Сократ, - в разговоре с автором.
ИГРЫ ЖЕЛАНИЙ
I
Я знаю, что утром, просыпаясь, она долго не открывает глаза, потому что забыла во сне, как я выгляжу, и боится увидеть подношенного мужчину с морщинами, которые не смогла разгладить даже ночь, проспанная на ее обтянутом молодой кожей, белом, высоком и круглом плече. Наконец она осмеливается, тихонько высвобождает плечо из–под моей щеки, приподнимается на локоть, чуть поворачивается и смотрит… Нет, не такой уж страшный, не так страшно старый, как ей казалось, пока меня не помнила, представлялось, пока боялась открыть глаза. И морщины только две - и одна их них, можно сказать, и не морщина… Так, морщинка… Она облегченно, еле слышно вздыхает, касается шелковыми подушечками пальцев моего виска, гладить по щеке, шее, рука ее скользит под одеяло - по моей груди, животу, ниже, дальше, глубже, и там, в глубине, настороженно и нерешительно замирает. Она думает, что ей делать и делать ли то, о чем она думает. Мне стоит лишь шевельнуться, сонно податься к ней, чтобы помочь ей не думать, но я уже не каждый раз искушаюсь утренними любовными утехами после утех ночных, и сегодня, похоже, именно тот неискусительный случай. Она все понимает, вновь еле слышно вздыхает, шелковые подушечки ластятся возвратным путем по моему животу, по груди, шее, щеке, виску, которого касается она губами, выскальзывает из–под одеяла, садится на край кровати, сладко потягивается, поднимается и подходит к окну. Сквозь прищуренно–вдрагивающие веки я любуюсь золотистыми в окне линиями ее тела, тем, как стремительно ниспадают они по бокам к талии и замедляются там, перетекая в округлости ягодиц, плавно стекают по бедрам, по коленям, лодыжкам, по всем стройным, длинным–длинным, почти бесконечным ее ногам, которые в мгновения любви крыльями вскидываются в небеса, где она летает… "Нет, сегодня с утра без полетов, в каждом возрасте свои преимущества", - думаю я, пытаясь не смотреть, зажмуриваясь, но возвратиться в сон и оставить ее одну возле окна уже не могу, а потому говорю наперекор себе самому:
- Ли - Ли, иди ко мне.
Имя ее так и в паспорте записано: Ли - Ли. Будто она китаянка какая, хоть никакая она не китаянка. Отец ее постигает китайскую философию и считает мудрецами всех китайцев - в том числе великого Мао, который переплывал Ян–цзы, Желтую реку.

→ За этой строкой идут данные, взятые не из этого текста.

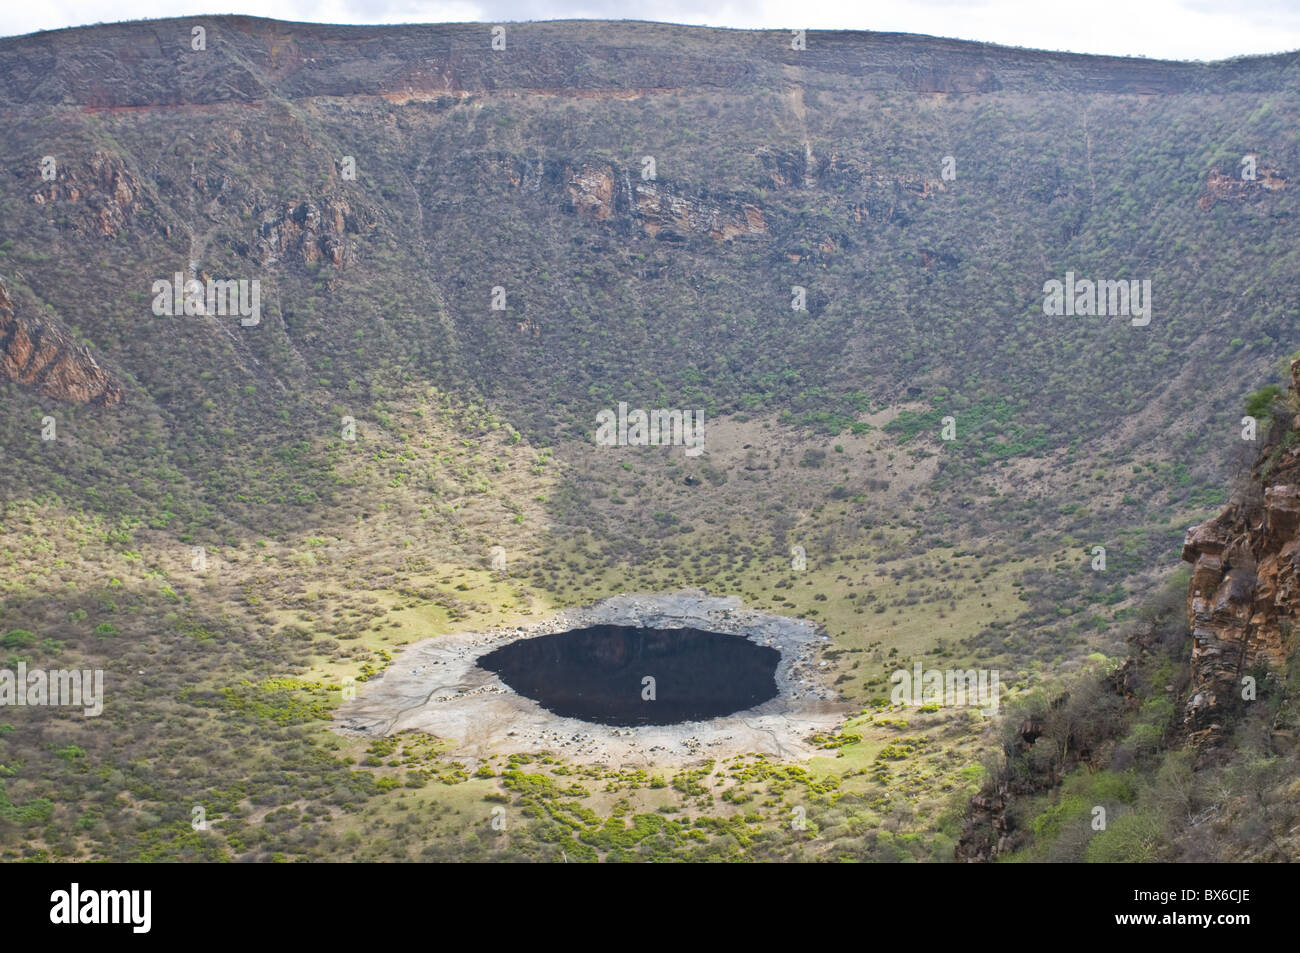 El Sod Crater Lake, au sud de l'Éthiopie, l'Afrique Banque D'Images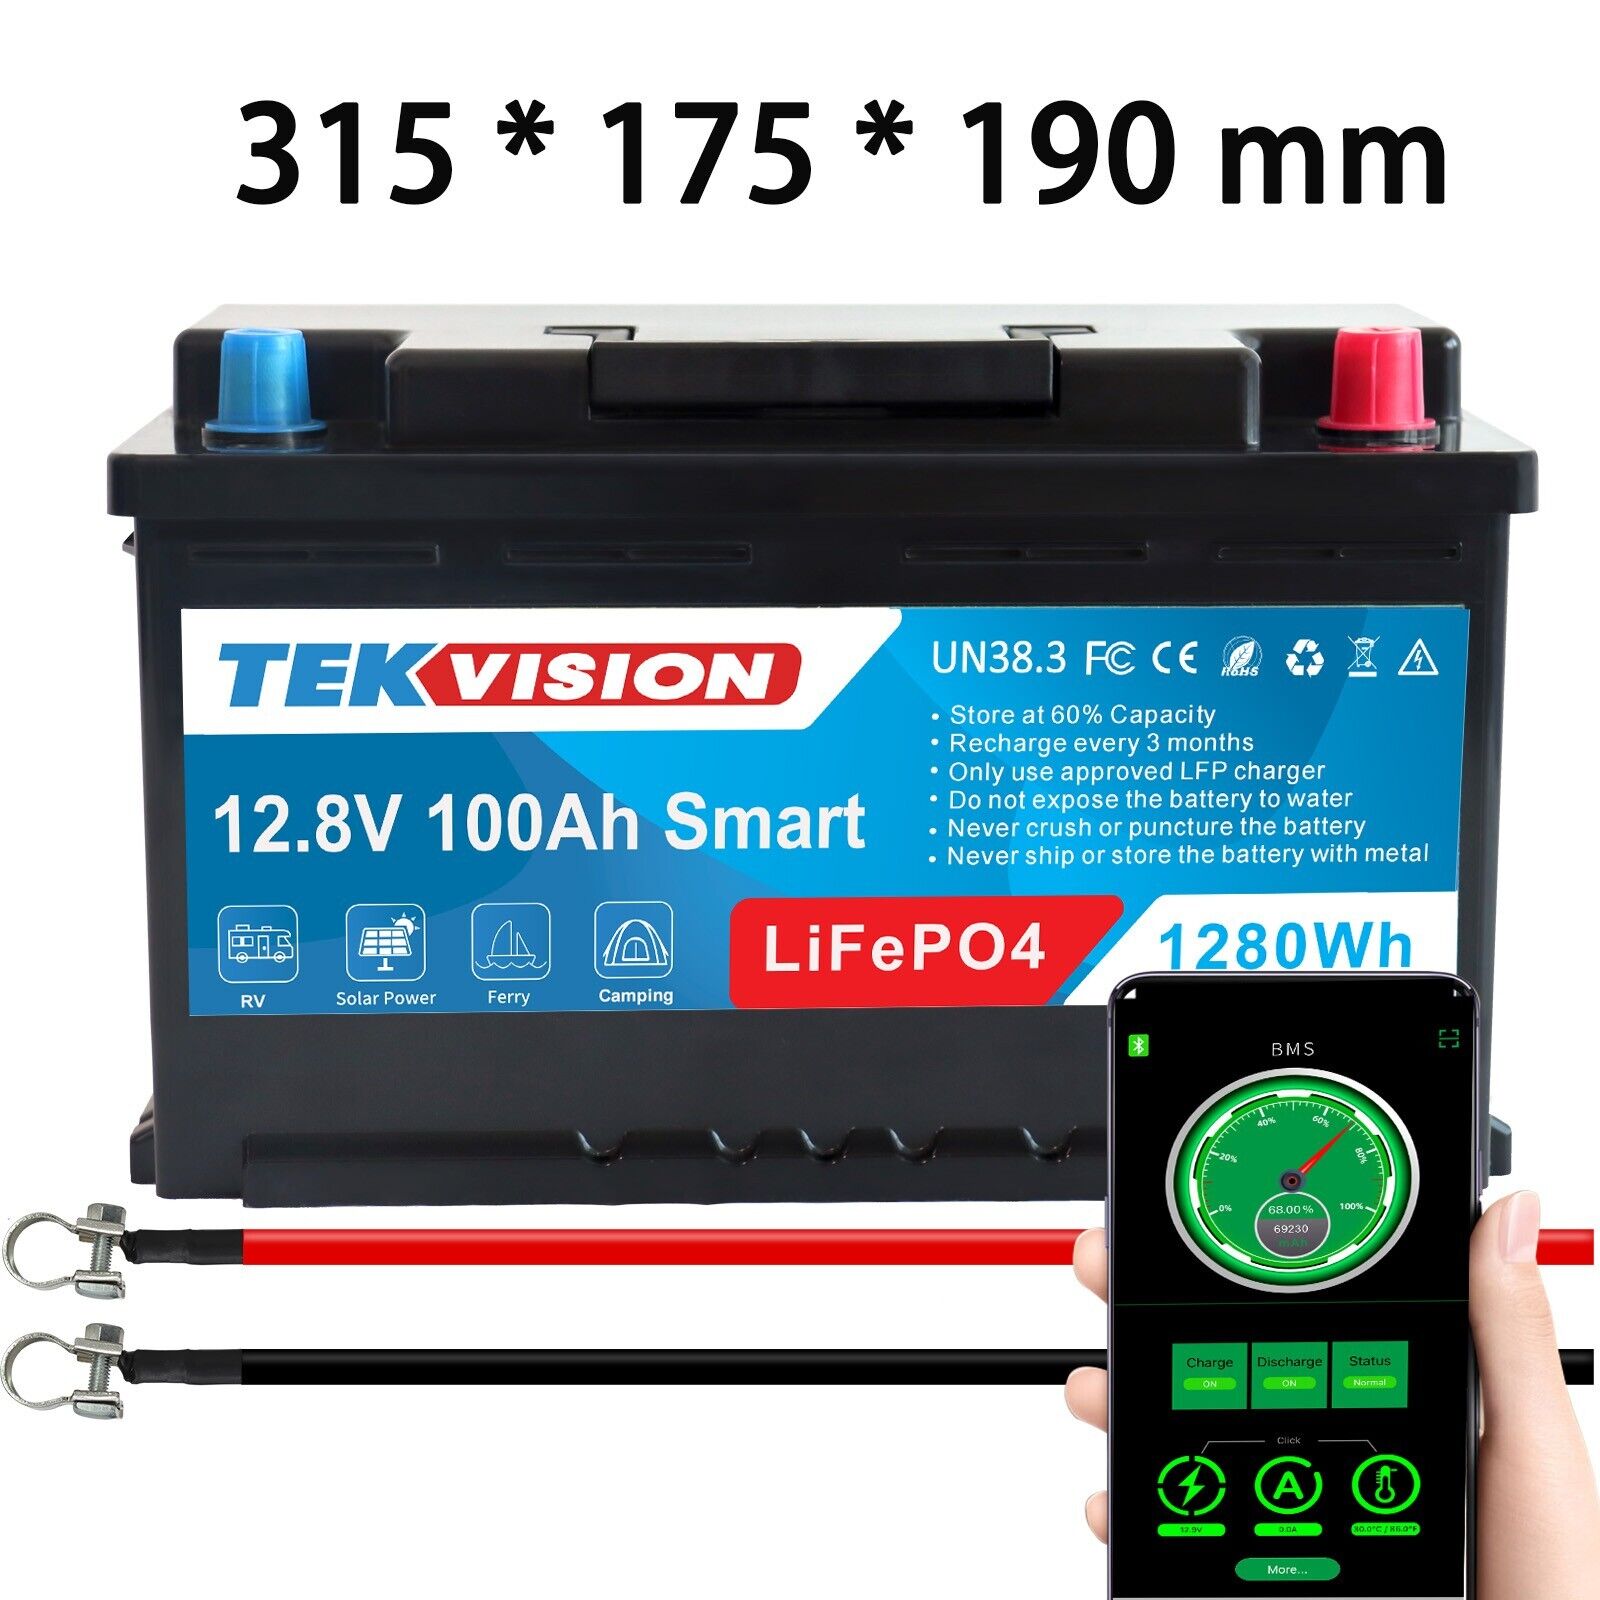 12V 100Ah H7 Smart Lithium Batterie 19% MwSt – Tekvision Technologies GmbH

Вид обнаженной женщины - праздник. Пиршество, с которого начинаются для меня все остальные праздники, которых без первого и не бывает. Но, если решаешь не летать, лучше не смотреть на летучее, как сказал бы великий Мао.
Она знает, как меня будить, медленно–медленно стаскивает с постели одеяло, садится мне на низ живота, склоняется надо мной, накрывает щекочущей, невесомой волной волос, под которой недавний путь шелковых подушечек ее пальцев повторяют ее бархатные, влажно–теплые губы. Не спеша спускаться вниз, она сидит на мне, как ангорская кошка, выгибаясь и все больше давая волю игривому языку, который чем ниже по шее, по груди, животу, тем влажней, тем горячее, и когда он горячо и влажно касается моего пупка, я уже весь стою, и тогда она начинает двигаться ягодицами по моим бедрам, все ниже и ниже, и меня мягко, как облако, гладит ее золотистое, рыжевато–пуховое руно, сплывающее к моим коленям, а за ним скользит по мне ее атласный живот, она зажимает меня в упругие груди, отпускает, ласкает розовыми бутонами сосков, вновь сжимает, я вырываюсь, вскидываюсь, взлетаю - и она полонит горячими губами, ловит игривым языком и вбирает всего меня в расцветающий поцелуй…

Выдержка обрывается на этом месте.